La Francia di Macron, la Cina di Xi, la Grecia hanno già deciso di votare Arabia Saudita, ma l’arcana regola
Bie assegna a ciascun paese un voto, i 300.000 abitanti delle Isole Vanuatu, nel Pacifico, contano quanto il
miliardo e 400 milioni di indiani. Per di più il suffragio è segreto e, in passato, scelte dei governi sono state
disattese, all’ombra delle urne da funzionari scaltri: Mbs voleva dunque voto palese, invano.
L’irruenza qatariota al Mondiale, azzerando riserve su diritti umani e rispetto delle regole via dispendio di
capitali, ha sollevato aspre critiche internazionali, e la strategia di bin Salman punta a azzittire le possibili
obiezioni evocando il passato coloniale Usa e Ue. L’Albania, sul punto di votare Roma, è stata ricondotta a
diverso parere, con seguito di polemiche politiche. Il principe saudita ha poi portato la battaglia in casa degli
avversari coreani, radunando nella sua suite all’hotel Lotte di Seul, il 17 novembre, i dirigenti di industria
per ammonirli: se Chey Tae-won, manager delegato a raccogliere consensi per Expo Busan, si darà troppo
da fare, sono a rischio 29 miliardi di investimenti sauditi, inclusi quelli per la megalopoli Neom. Intimidito
dalla presenza del principe saudita, il primo ministro coreanoHan Duck-soo non ha neppure appoggiato la
candidatura di Busan all’Apec, forum dell’Asia-Pacific Economic Cooperation per la sorpresa degli astanti.
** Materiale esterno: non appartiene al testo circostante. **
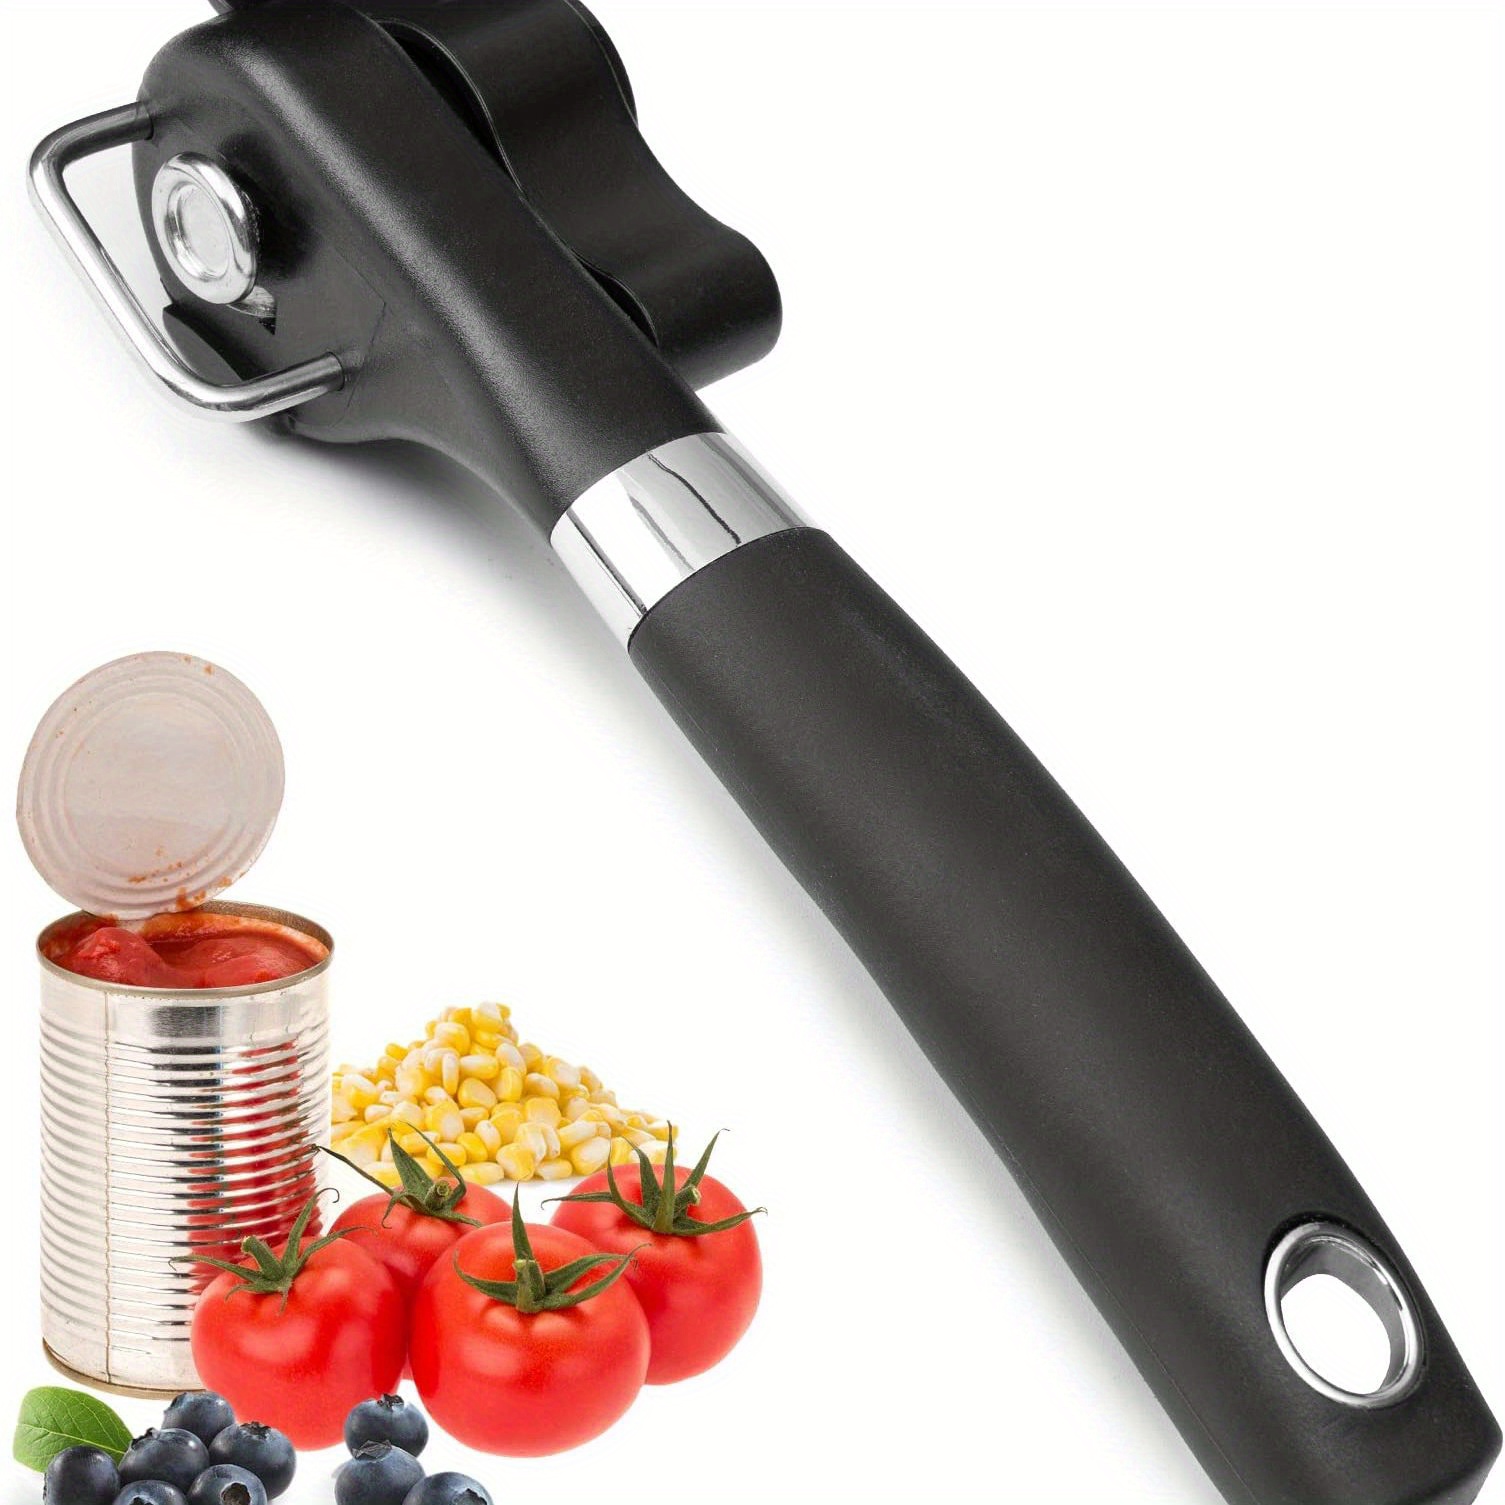 Can Opener Smooth Edge Manual, Can Opener Handheld, No Sharp Edges With  Soft Grips, Food Grade Stainless Steel Cutting Can Opener, Professional

Dal Qatar la nostra diplomazia, guidata dall’ambasciatore Paolo Toschi, sta lavorando con efficacia, di
conserva con la Farnesina, e un imprenditore italiano, attivo a Doha, deduce: «I voti raccolti dai sauditi
hanno due possibili etichette, Geopolitica o Affari. Cina, Francia, Emirati, Turchia, Egitto, Pakistan,
Indonesia rientrano nella prima categoria; Cuba, Perù, Kenya, Nigeria, Venezuela nella seconda». A Parigi,
al Bie, il pallottoliere registra il presidente di Capo Verde, Jose Maria Neves, che dopo incontri stile Hotel
Lotte, si dichiara per Riad, come l’ambasciatore cubano Gonzalez, folgorato dal ministro saudita Adel Al-
Jubeir, mentre per convincere Macron è servito bin Salman. Il sì del Madagascar arriva nella capitale
Antananarivo, summit fra il consigliere della Casa Reale saudita Ahmen vin Abdulaziz Qattan e il ministro
della Difesa e degli Esteri Léon Rakotonirina. La nazione polinesiana di Tonga cede il voto grazie al
ministro degli esteri Fekitamoeloa ‘Utoikamamu e al ministro del turismo Ahmed Al Khateeb.
Tecnologia, emigrazione, Neom, greggio, tutto è sul tavolo fra Sauditi- Resto del Mondo. Odessa, fredda e
buia per i bombardamenti, offre un meraviglioso padiglione dell’architetta Zaha Hadid e l’Italia le offre una
sinergia. Roma ha il Codacons, che denuncia al Bie «immondizia e buche stradali», e legge sul Giornale
dell’Architettura Fiorella Vanini, docente alla Prince Sultan University, a proposito di «Rivoluzione socio-
economica…» di bin Salman «…progetti visionari… la Princess Nourah bint Abdulrahman University, la
più grande università femminile al mondo…Neom ha l’ambizione di superare la dicotomia uomo-natura… il
principe Mbs non ha perso di vista l’immagine della capitale del regno, che da roccaforte dei conservatori…
si è trasformata in cuore pulsante del paese», toni già usati dal columnist New York Times Tom Friedman
che, nel 2017, era certo che «il processo di riforme più importante in Medio Oriente oggi è in Arabia
Saudita… il paese sta vivendo la sua primavera araba… per cambiare tono e tenore dell’Islam nel mondo».
Mondo che non conosceva il nome di Jamal Khashoggi, blogger trucidato al consolato saudita di Istanbul,
undici mesi dopo il lirico commento di Friedman.
Se i voti sauditi Expo 2030 divenissero maggioranza, quanti affari, quanti accordi, quanta propaganda snob
strideranno davanti alle violazioni dei diritti umani, come questi paragrafi? Non sarebbe meglio negoziare, e
ragionare fin che si può, al “Bureau International des Expositions”?